Schematic model of key cellular resilience pathways in innate and preconditioning models of neuroprotection. Preconditioned or ischemia-tolerant organisms like the Arctic ground squirrel possess increased levels of (1) key transcription factors including NRF2, HIF1⍺, CREB, and NFKB which increase the expression of (2) numerous target genes coordinating a protective response to (subsequent) ischemia. These transcriptional responses decrease ischemia-induced (3) intracellular calcium via sarcoendoplasmic reticulum calcium transport ATPase. Increased mitochondrial metabolic efficiency is also mediated by (4) SUMOylation and (5) PKCε post-translational modifications which converge to (6) increase ischemic ATP production and reduce ROS, resulting in cytoprotection. Abbreviations: BDNF: brain-derived neurotrophic factor; Cox: cytochrome c oxidase; CREB: cyclic AMP response element-binding protein; EPO: erythropoietin; ER: endoplasmic reticulum; HIF: hypoxia-inducible factor; HO: heme oxygenase; iNOS: inducible nitric oxide synthase; MPTP: mitochondrial permeability transition pore; NFKB: nuclear factor light-kappa-chain-enhancer of activated B cells; Nrf2: Nuclear factor erythroid 2-related factor 2; PKC: protein kinase C; ROS: reactive oxygen species; SENP: sentrin-specific protease; SOD: supraoxide dismutase; SUMO: small ubiquitin-like modifier; VEGF: vascular endothelial growth factor
Another key effector of preconditioning acting on numerous cellular stress response pathways is protein kinase C (PKC)-ε. PKCε is one of 12 known isozymes of the PKC family, which are multifunctional protein kinases that phosphorylate serine and threonine residues in many target proteins.

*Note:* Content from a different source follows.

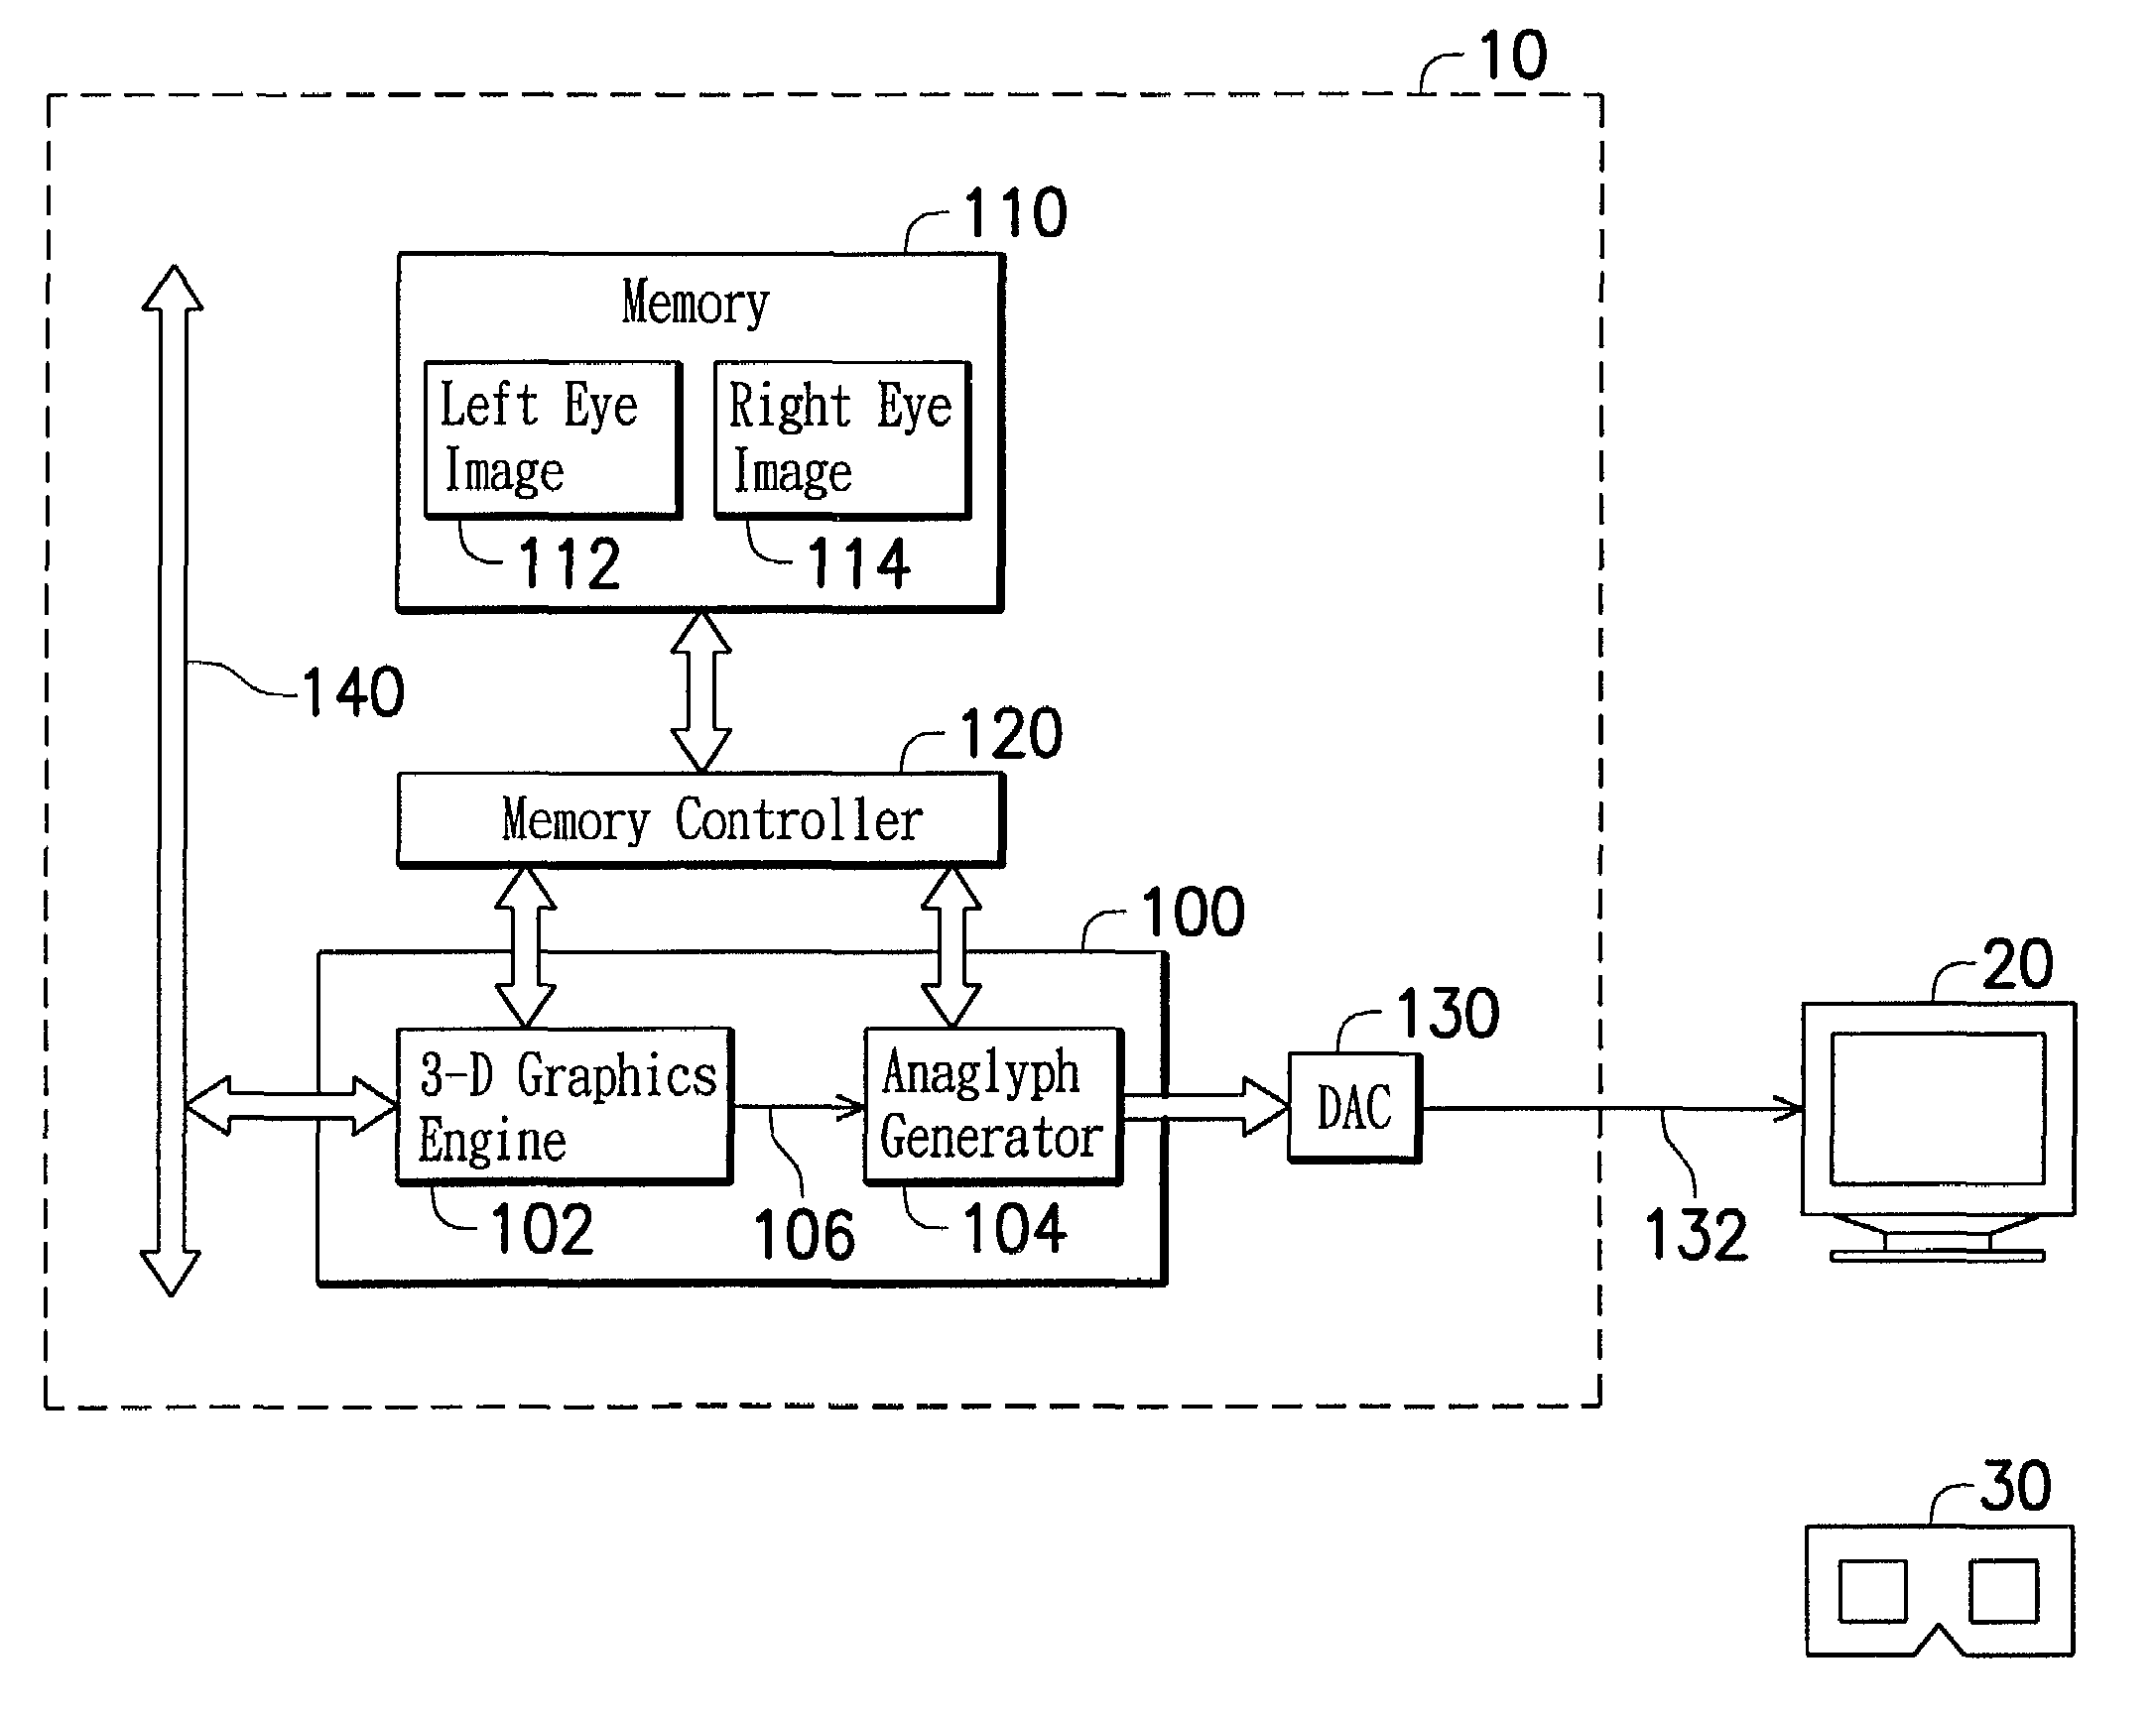 Apparatus for producing real-time anaglyphs

PKCε is rapidly activated by ischemia-induced increases in intracellular calcium and diacylglycerol and is required for hypoxia preconditioning in hippocampal slices [24]. PKCε functions to protect mitochondria from ischemia by phosphorylating numerous other key regulators of cellular energy homeostasis including Akt, MAPK, and AMPK. It is also translocated to the mitochondria following preconditioning where it phosphorylates mitochondrial KATP channels, which decreases mitochondrial ROS and apoptosis [25]. Interestingly, brain-derived neurotrophic factor (BDNF), a major regulator of synaptic structure, function, and plasticity, is also upregulated following preconditioning [26, 27] and acts downstream of PKCε to induce neuroprotective changes [28, 29].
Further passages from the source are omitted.